In reply to: Andy Lutomirski: "Re: [PATCH 5/5] cgroup: introduce cgroup namespaces"
Next in thread: Andy Lutomirski: "Re: [PATCH 5/5] cgroup: introduce cgroup namespaces"
Messages sorted by: [ date ] [ thread ] [ subject ] [ author ]

On Fri, Jul 18, 2014 at 11:57 AM, Andy Lutomirski <luto@xxxxxxxxxxxxxx> wrote:
> On Fri, Jul 18, 2014 at 11:51 AM, Aditya Kali <adityakali@xxxxxxxxxx> wrote:
>> On Fri, Jul 18, 2014 at 9:51 AM, Andy Lutomirski <luto@xxxxxxxxxxxxxx> wrote:
>>> On Jul 17, 2014 1:56 PM, "Aditya Kali" <adityakali@xxxxxxxxxx> wrote:
>>>>
>>>> On Thu, Jul 17, 2014 at 12:57 PM, Andy Lutomirski <luto@xxxxxxxxxxxxxx> wrote:
>>>> > What happens if someone moves a task in a cgroup namespace outside of
>>>> > the namespace root cgroup?
>>>> >
>>>>
>>>> Attempt to move a task outside of cgroupns root will fail with EPERM.
>>>> This is true irrespective of the privileges of the process attempting
>>>> this. Once cgroupns is created, the task will be confined to the
>>>> cgroup hierarchy under its cgroupns root until it dies.
>>>
>>> Can a task in a non-init userns create a cgroupns? If not, that's
>>> unusual. If so, is it problematic if they can prevent themselves from
>>> being moved?
>>>
>>
>> Currently, only a task with CAP_SYS_ADMIN in the init-userns can
>> create cgroupns. It is stricter than for other namespaces, yes.
>
> I'm slightly hesitant to have unshare(CLONE_NEWUSER |
> CLONE_NEWCGROUPNS | ...) start having weird side effects that are
> visible outside the namespace, especially when those side effects
> don't happen (because the call fails entirely) if
> unshare(CLONE_NEWUSER) happens first. I don't see a real problem with
> it, but it's weird.
>

I expect this to be only in the initial version of the patch.

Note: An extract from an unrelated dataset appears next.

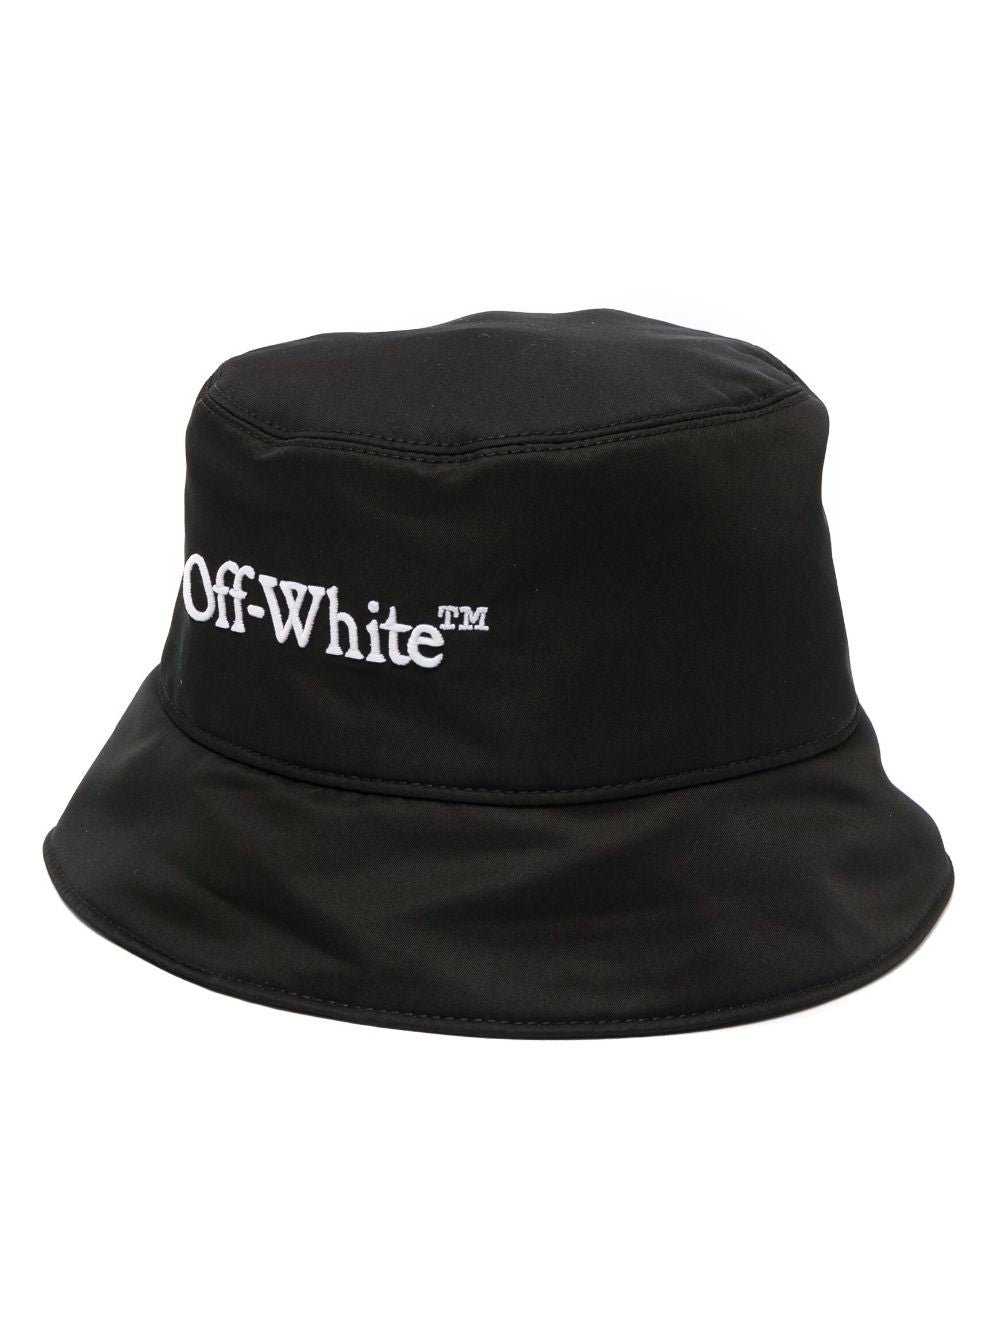 Off White Hats Black-Off White-UNI-Urbanheer

We can
make this consistent with other namespaces once we figure out how
cgroupns can be safely enabled for non-init-userns.

>>
>>> I hate to say it, but it might be worth requiring explicit permission
>>> from the cgroup manager for this. For example, there could be a new
>>> cgroup attribute may_unshare, and any attempt to unshare the cgroup ns
>>> will fail with -EPERM unless the caller is in a may_share=1 cgroup.
>>> may_unshare in a parent cgroup would not give child cgroups the
>>> ability to unshare.
>>>
>>
>> What you suggest can be done. The current patch-set punts the problem
>> of permission checking by only allowing unshare from a
>> capable(CAP_SYS_ADMIN) process. This can be implemented as a follow-up
>> improvement to cgroupns feature if we want to open it to non-init
>> userns.
>>
>> Being said that, I would argue that even if we don't have this
>> explicit permission and relax the check to non-init userns, it should
>> be 'OK' to let ns_capable(current_user_ns(), CAP_SYS_ADMIN) tasks to
>> unshare cgroupns (basically, if you can "create" a cgroup hierarchy,
>> you should probably be allowed to unshare() it).
>
> But non-init-userns tasks can't create cgroup hierarchies, unless I
> misunderstand the current code. And, if they can, I bet I can find
> three or four serious security issues in an hour or two. :)
>

Task running in non-init userns can create cgroup hierarchies if you
chown/chgrp their cgroup root to the task user:

# while running as 'root' (uid=0)
$ cd $CGROUP_MOUNT
$ mkdir -p batchjobs/c_job_id1/

# transfer ownership to the user (in this case 'nobody' (uid=99)).
$ chown nobody batchjobs/c_job_id1/
$ chgrp nobody batchjobs/c_job_id1/
$ ls -ld batchjobs/c_job_id1/
drwxr-xr-x 2 nobody nobody 0 2014-07-21 12:47 batchjobs/c_job_id1/

# enter container cgroup
$ echo 0 > batchjobs/c_job_id1/cgroup.procs

# unshare both userns and cgroupns
$ unshare -u -c
# setup uid_map and gid_map and export user '99' in the userns
# $ cat /proc/<pid>/uid_map
# 0 0 1
# 99 99 1
# $ cat /proc/<pid>/gid_map
# 0 0 1
# 99 99 1
# switch to user 'nobody'
$ su nobody
$ id
uid=99(nobody) gid=99(nobody) groups=99(nobody)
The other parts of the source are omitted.